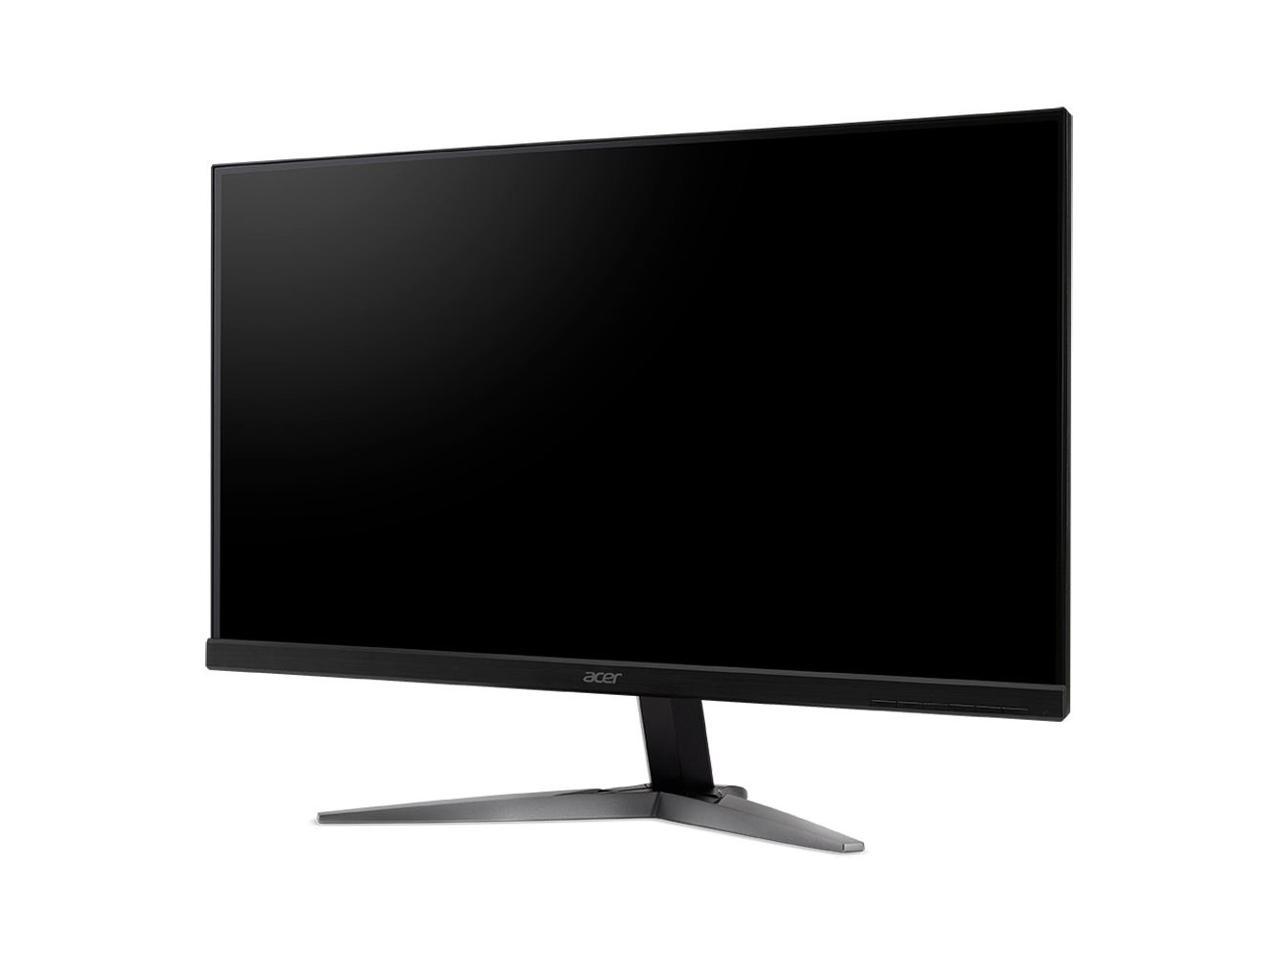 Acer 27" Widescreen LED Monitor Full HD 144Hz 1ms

* * *

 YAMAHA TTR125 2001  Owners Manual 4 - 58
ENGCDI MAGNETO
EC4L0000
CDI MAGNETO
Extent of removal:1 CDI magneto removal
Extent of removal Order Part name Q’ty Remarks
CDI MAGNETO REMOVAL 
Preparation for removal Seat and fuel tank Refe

--- EXERCISE INSTRUCTIONS ---
Search the records line by line for the word "Extent" and copy every line where it appears.

--- RESULT ---
Extent of removal:1 CDI magneto removal
Extent of removal Order Part name Q’ty Remarks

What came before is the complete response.